While FAP is uncommon, understanding its genetic basis could lead researchers at The Children’s Hospital of Philadelphia to better approaches to several kinds of pediatric cancers. In a new study funded by the National Cancer Institute, Andrei Thomas-Tikhonenko, PhD, chief of the Division of Cancer Pathobiology, and colleagues aim to identify subsets of patients who potentially would benefit the most from emerging drugs targeting pathways that are important to colorectal cancer development.

“It’s a study that harnesses the power of cancer genomics and links it to cancer biology and cancer therapeutics,” Dr. Thomas-Tikhonenko said.

Previously, scientists had identified mutations occurring in the APC gene that could lead to FAP and other types of colorectal cancer. An important target of the APC pathway is an oncogene called MYC that as a result becomes hyperactive. Oncogenes play major roles in initiating and maintaining tumor growth. In addition to colorectal cancers, MYC has been implicated in cancers of the cervix, breast, lung, stomach, and pediatric neuroblastoma. MYC has a broad reach, and it is especially good at helping tumors to make blood vessels that are needed for oxygen and energy.
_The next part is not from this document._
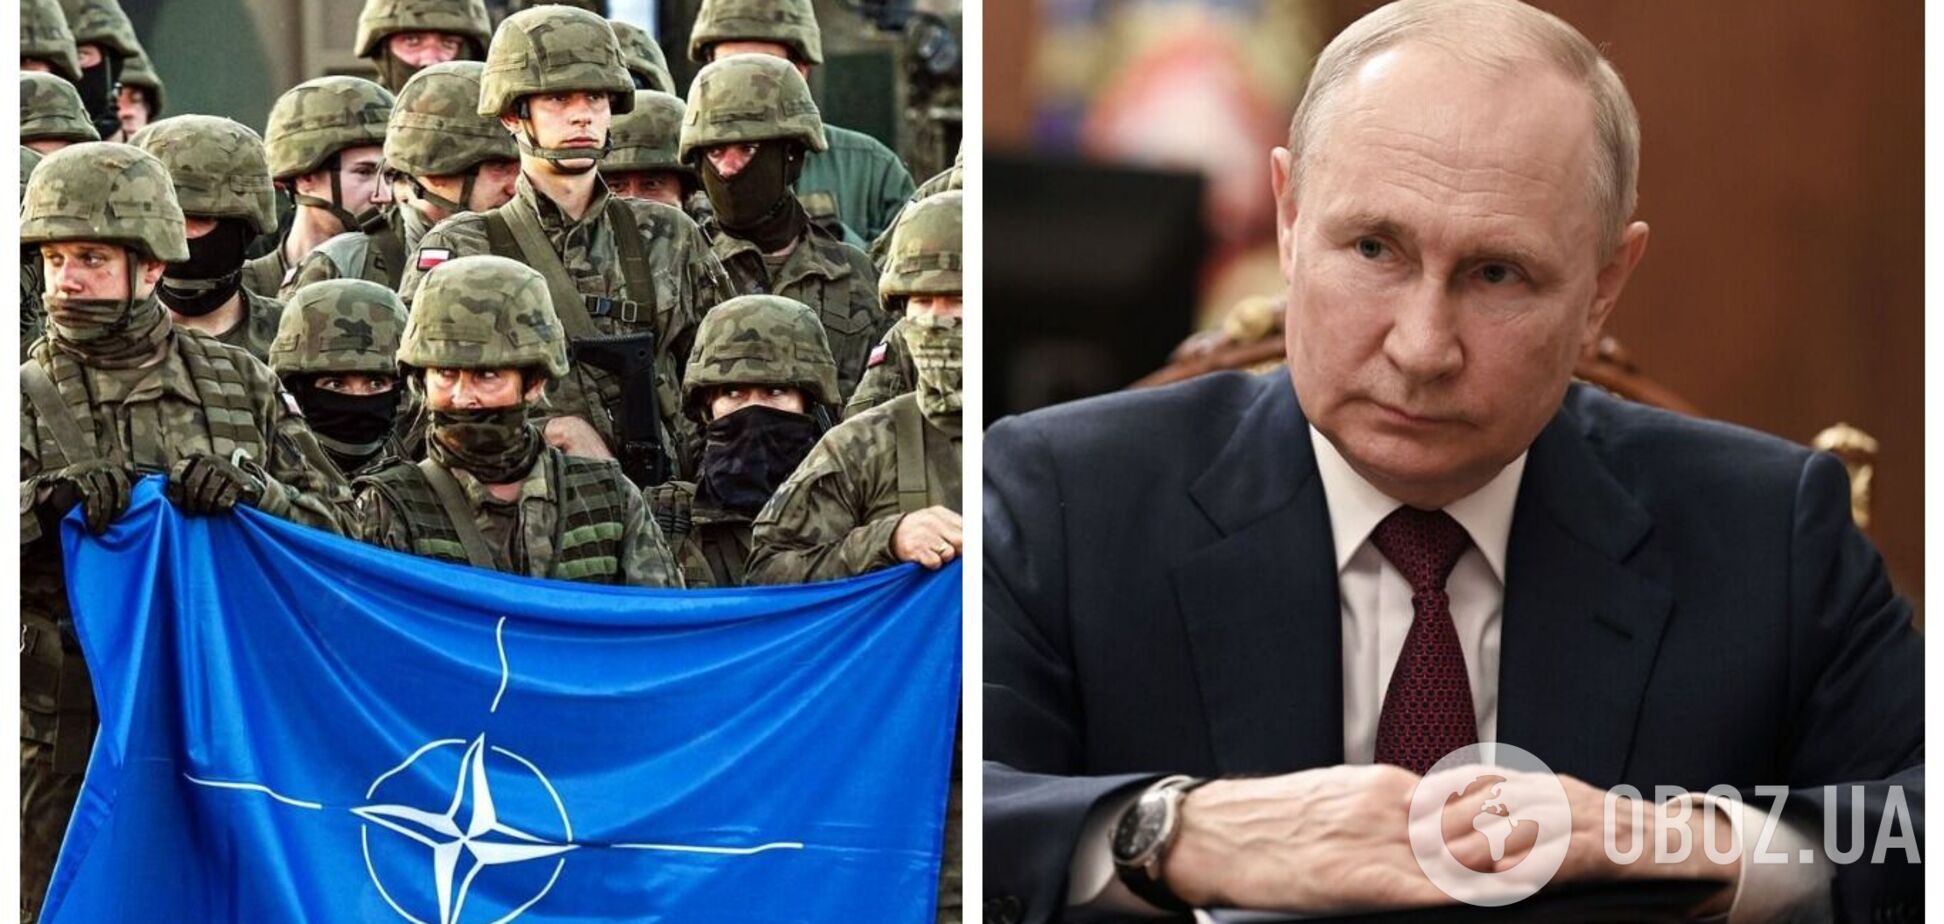 'Ми пам'ятаємо': Путін пригрозив 'трагічними наслідками' у разі введення Заходом військових контингентів в Україну

Dr. Thomas-Tikhonenko’s laboratory has dedicated many years of research to studying how MYC works in the context of cancer cell biology and how it interacts with the unique combinations of genetic alterations that appear in colorectal tumors. The Cancer Genome Atlas (TCGA) project, a publicly available catalog of genetic mutations and deletions discovered by scientists worldwide, reported in 2012 that no less than two dozen genes were mutated in a significant number of colorectal cases.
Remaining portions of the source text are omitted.